*REQUIRED ACTION*
The listing below should be printed in full and exactly, apart from its images.
(Beginning of DATA EXTRACT)
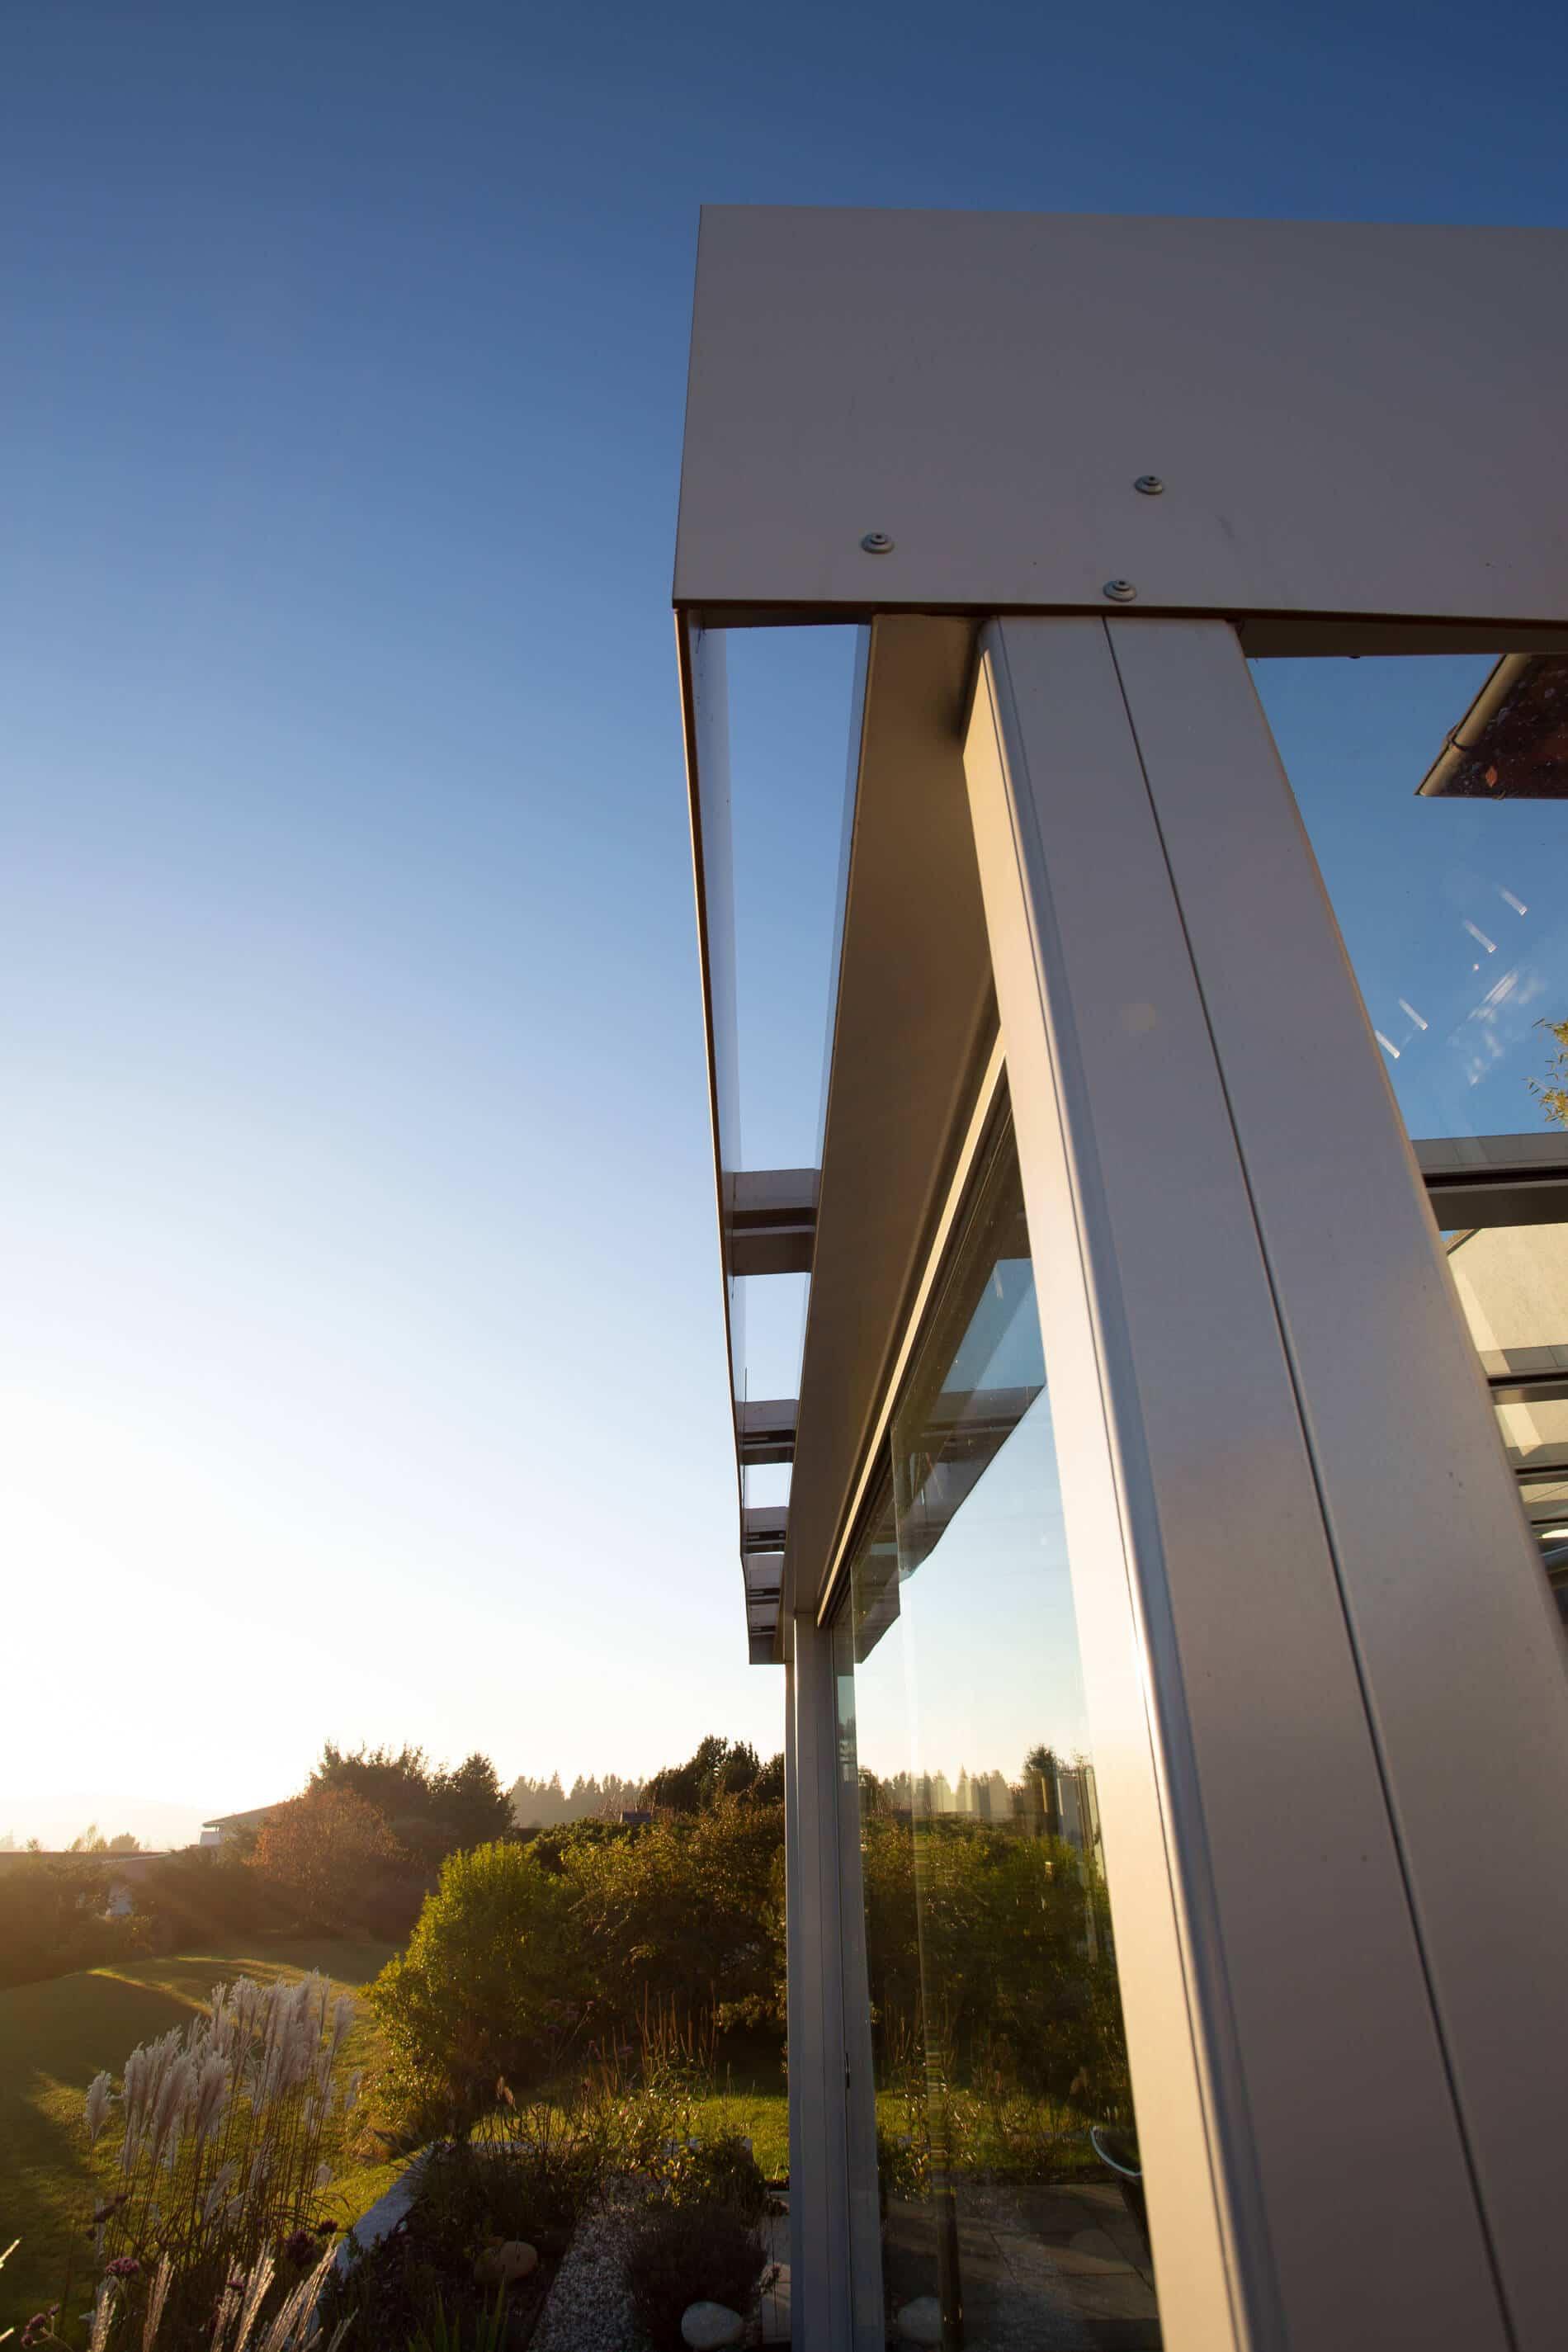 windschutz mit festem dach fenster schmidinger. Black Bedroom Furniture Sets. Home Design Ideas
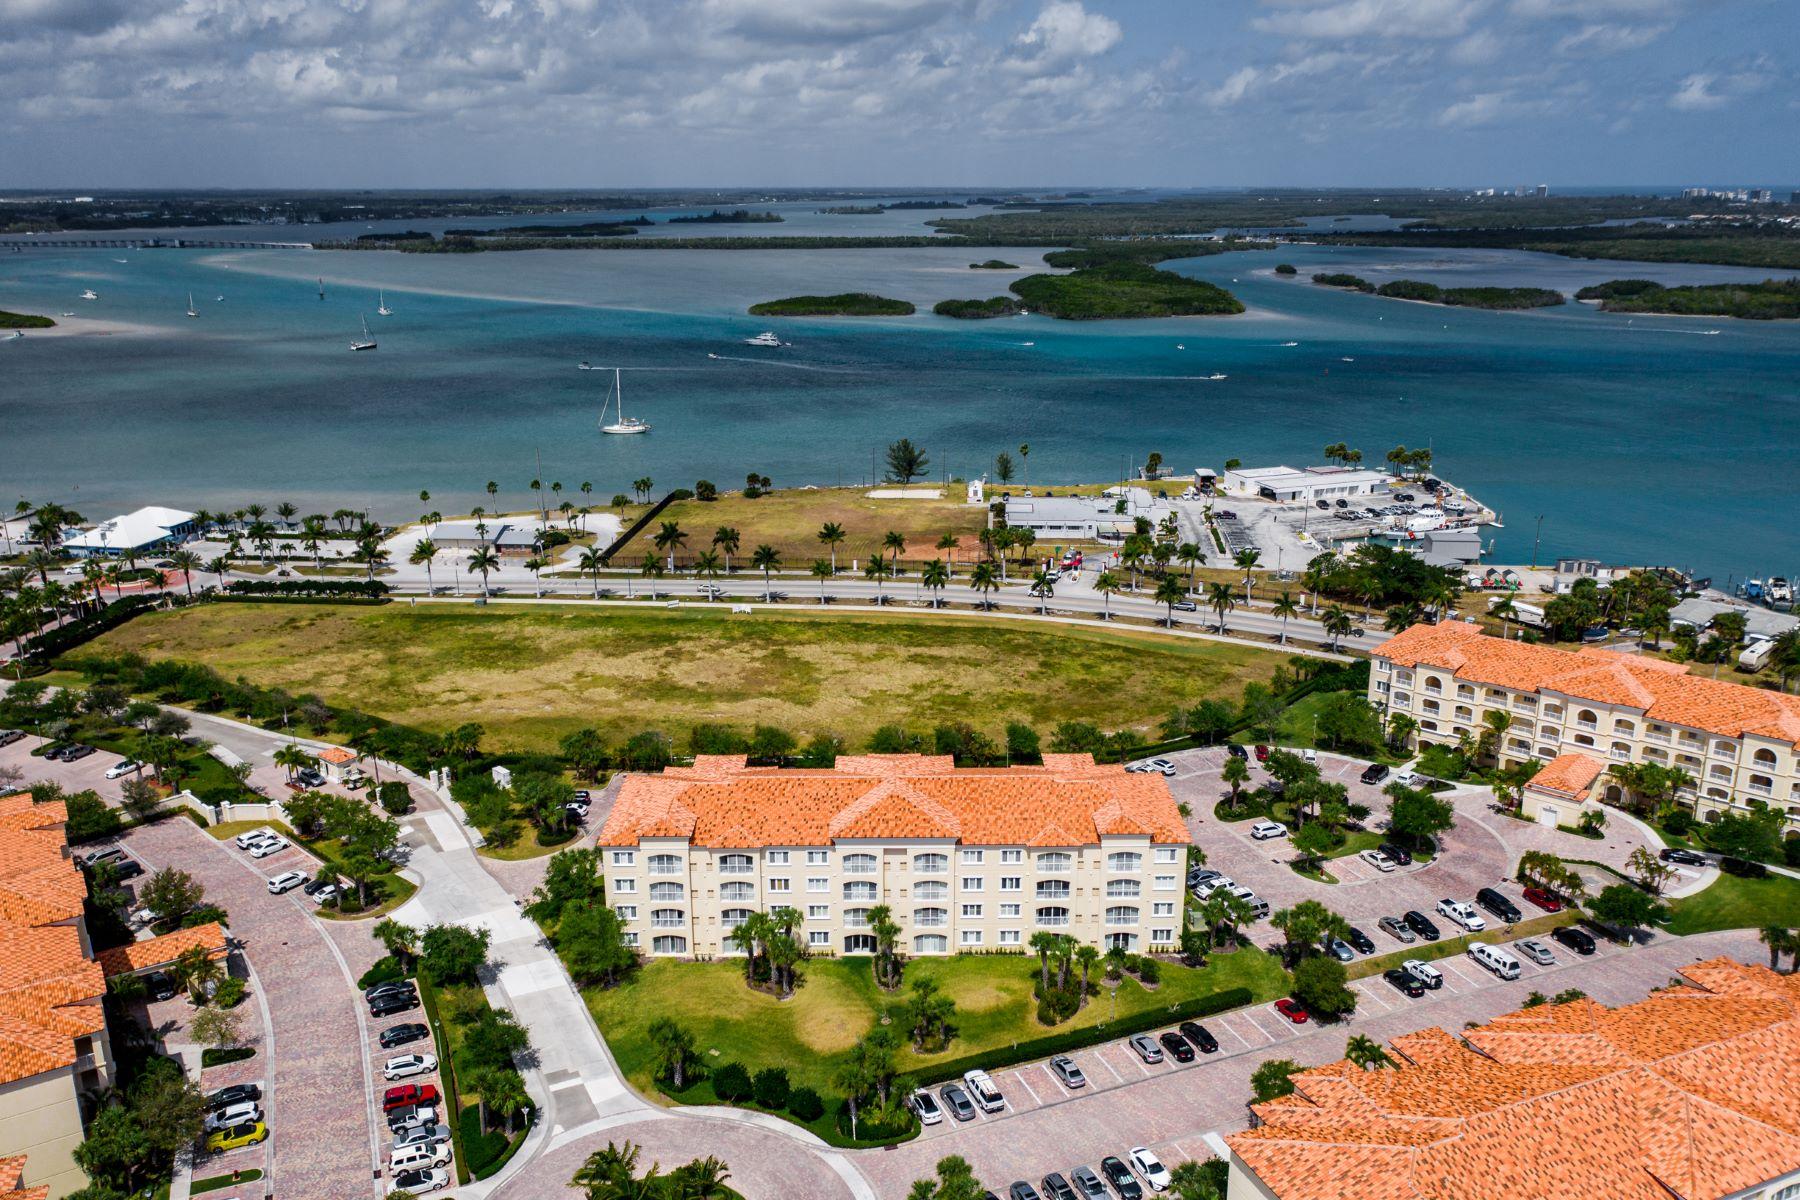 37 Harbour Isle Drive 37 Harbour Isle Drive 203 Fort Pierce, Florida 34949 Förenta staterna
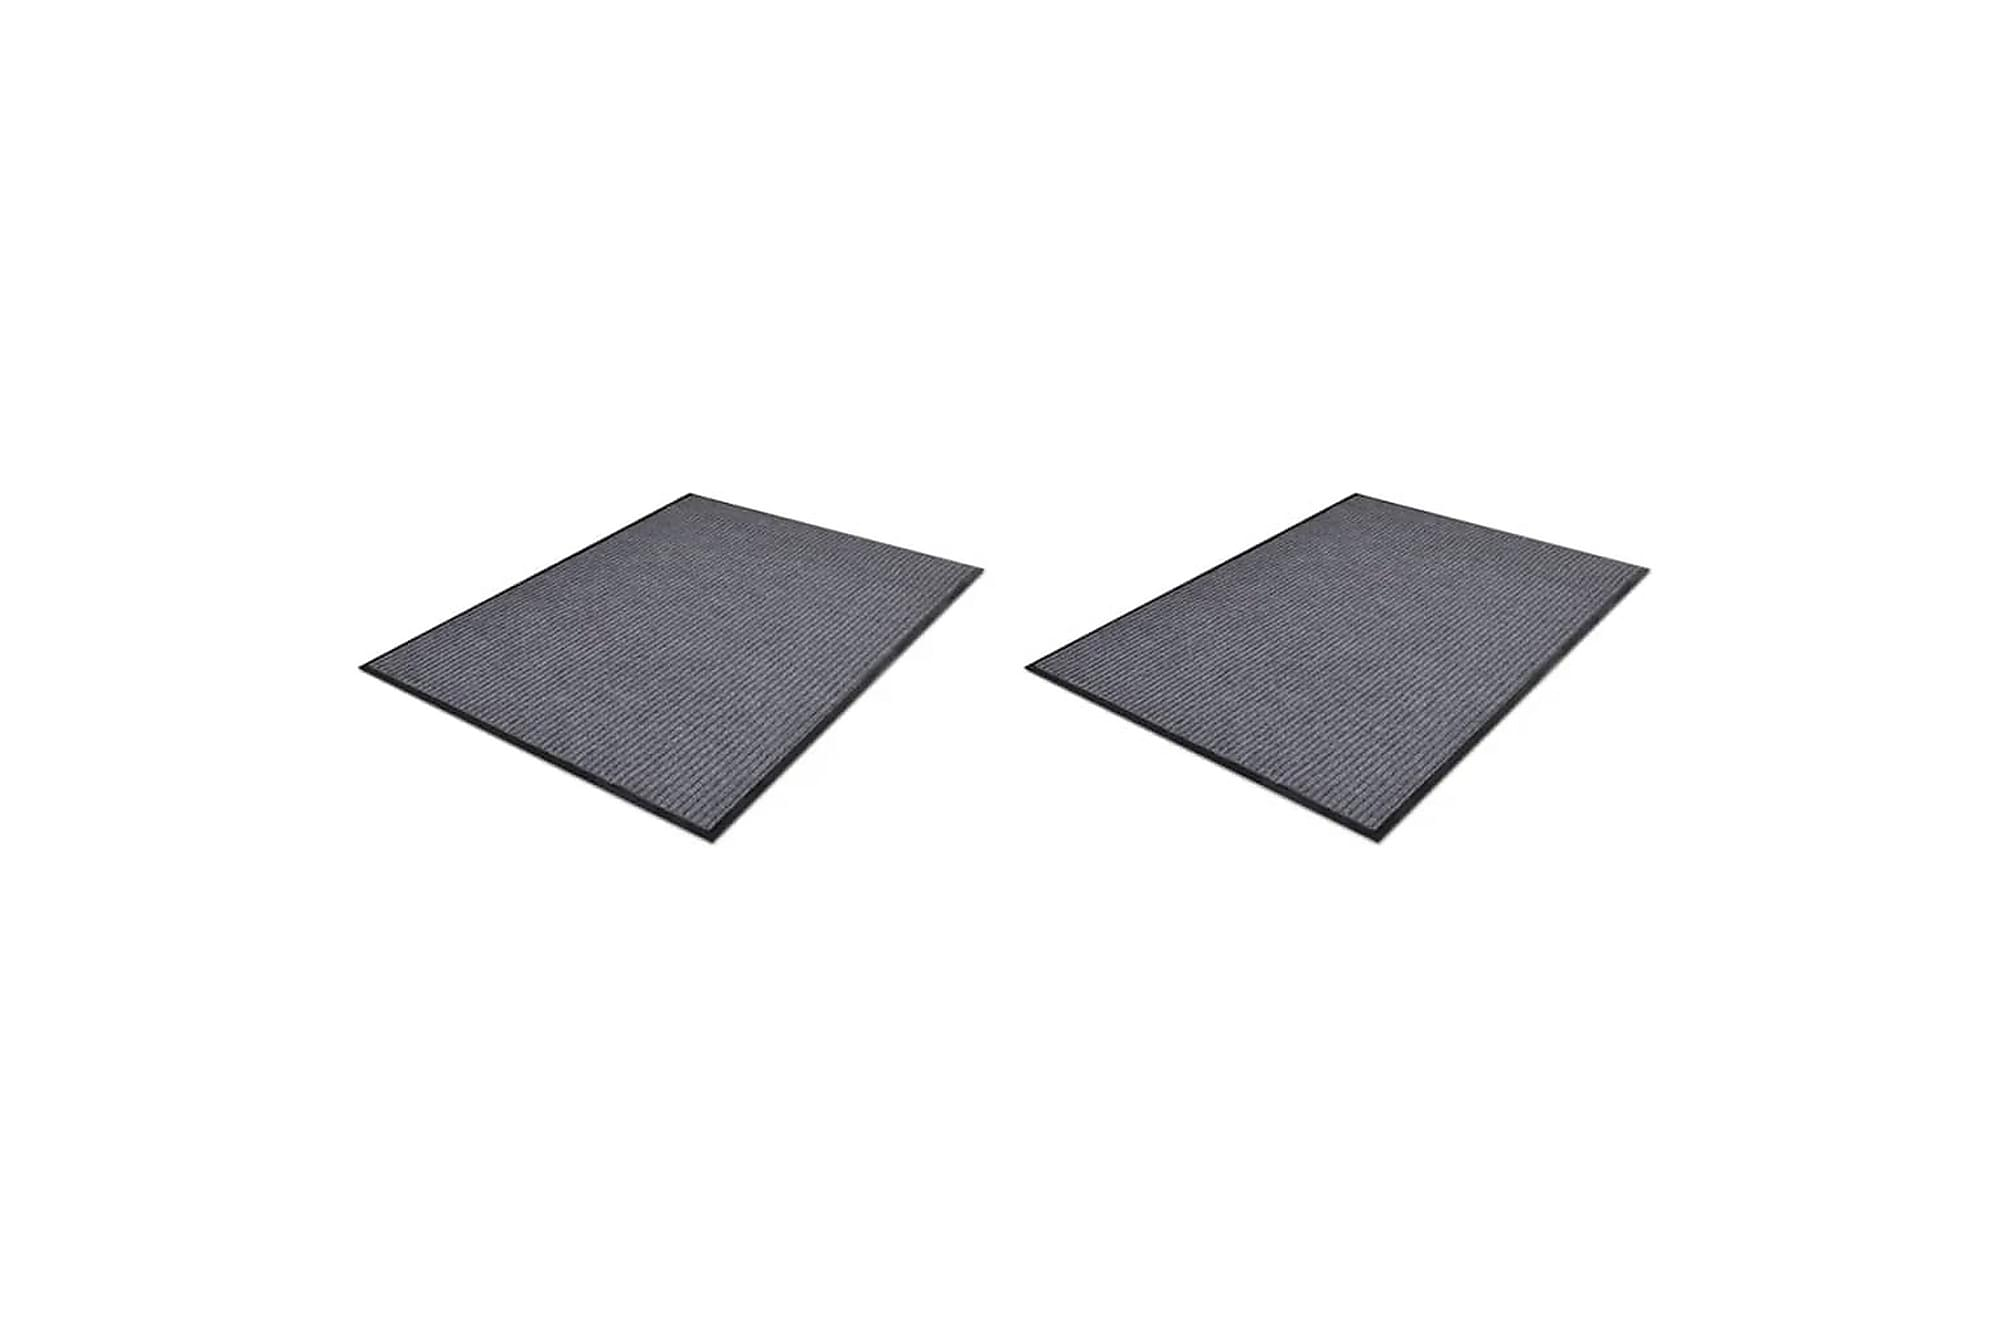 Dörrmatta 2 st PVC grå 90x60 cm, Dörrmattor & entrémattor
(End of DATA EXTRACT)
*SOLUTION TO THIS TASK*
 windschutz mit festem dach fenster schmidinger. Black Bedroom Furniture Sets. Home Design Ideas
 37 Harbour Isle Drive 37 Harbour Isle Drive 203 Fort Pierce, Florida 34949 Förenta staterna
 Dörrmatta 2 st PVC grå 90x60 cm, Dörrmattor & entrémattor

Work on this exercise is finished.